Financial Condition and Liquidity


We are an exploration stage company and have incurred losses since our inception. We currently do not have sufficient cash to support the Company through 2012. We anticipate that we will incur the following expenses over the next 12 months as of March 31, 2012:

1.

$1.5 to $2.0 million for 2012 exploration plan

2.

$375,000 for payment of third-party debt obligations, primarily for equipment loans; and



18





3.

$636,000 for general operating expenses


The $8.5 million financing described below in Subsequent Events includes $1.3 million for the 2012 exploration program and general operating costs in the form of financed drilling costs of $950,000 and cash proceeds of $350,000 from the sale of common shares. We anticipate we will need to raise approximately $1.2 million to $1.7 million in the next 12 months to completely fund our planned exploration expenditures, debt obligations and general working capital requirements.  The Company plans to raise the financing through debt and/or equity placements.  Failure to raise needed financing could result in us having to scale back or discontinue exploration activities or some or all of our business operations.

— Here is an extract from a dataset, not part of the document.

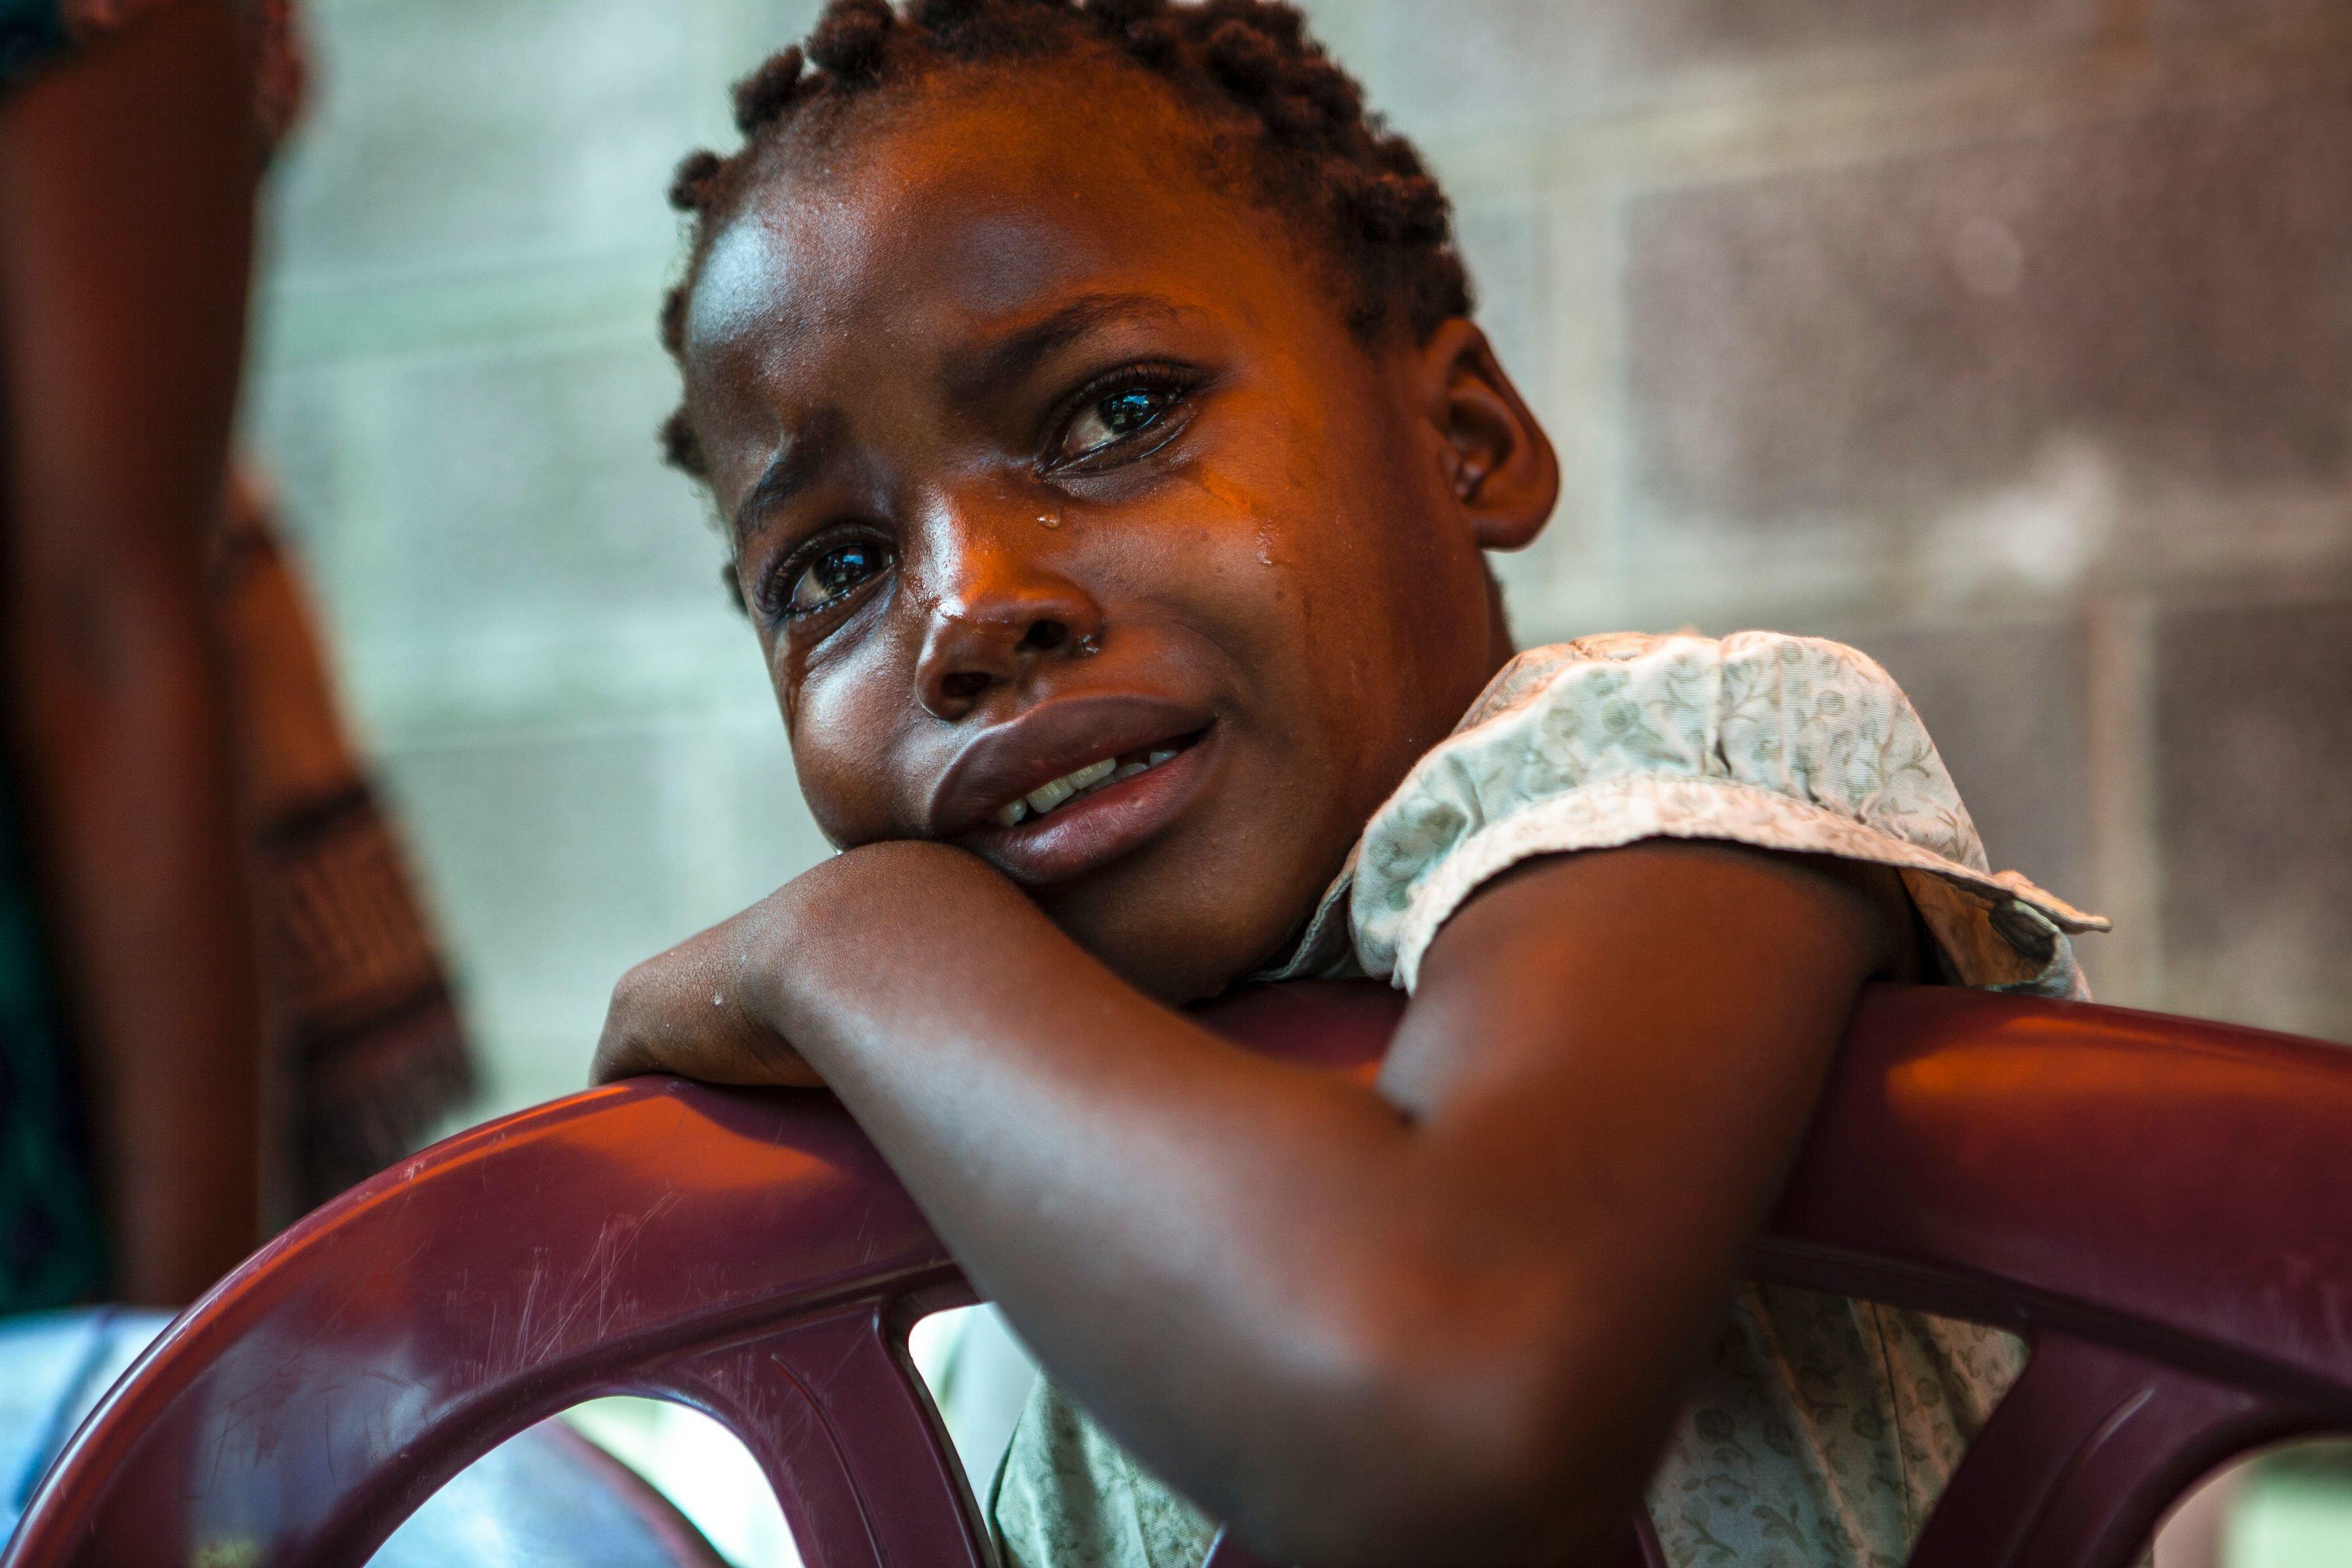 A girl cries outside the Bondeko morgue in Kinshasa, Congo, on Oct. 31,

Gold prices are at or near record highs, but the current capital markets and general economic conditions in the United States may be obstacles to raising the required financing. We believe we will be able to secure sufficient financing for further operations and exploration activities of the Company but we cannot give assurance we will be successful in attracting financing on terms acceptable to us, if at all. To increase its access to financial markets, Goldrich intends to seek a listing of its shares on a recognized stock exchange in Canada in addition to its listing on the FINRA OTCBB in the United States.

The audit opinion and notes that accompany our consolidated financial statements for the year ended December 31, 2011, disclose a ‘going concern’ qualification as to our ability to continue in business. The consolidated financial statements for the year then ended have been prepared under the assumption that we will continue as a going concern. Such assumption contemplates the realization of assets and the satisfaction of liabilities in the normal course of business. As a result of continuing losses in 2011 and the first quarter of 2012, we have not yet successfully exited this going concern condition. As shown in the consolidated financial statements for the quarter ended March 31, 2012, we incurred losses and negative cash flows from operating activities for the quarter then ended, and at March 31, 2012, did not have sufficient cash reserves to meet debt obligations and cover normal operating expenditures for the following 12 months. These factors raise substantial doubt about our ability to continue as a going concern. The consolidated financial statements do not include any adjustments that might be necessary should we be unable to continue as a going concern.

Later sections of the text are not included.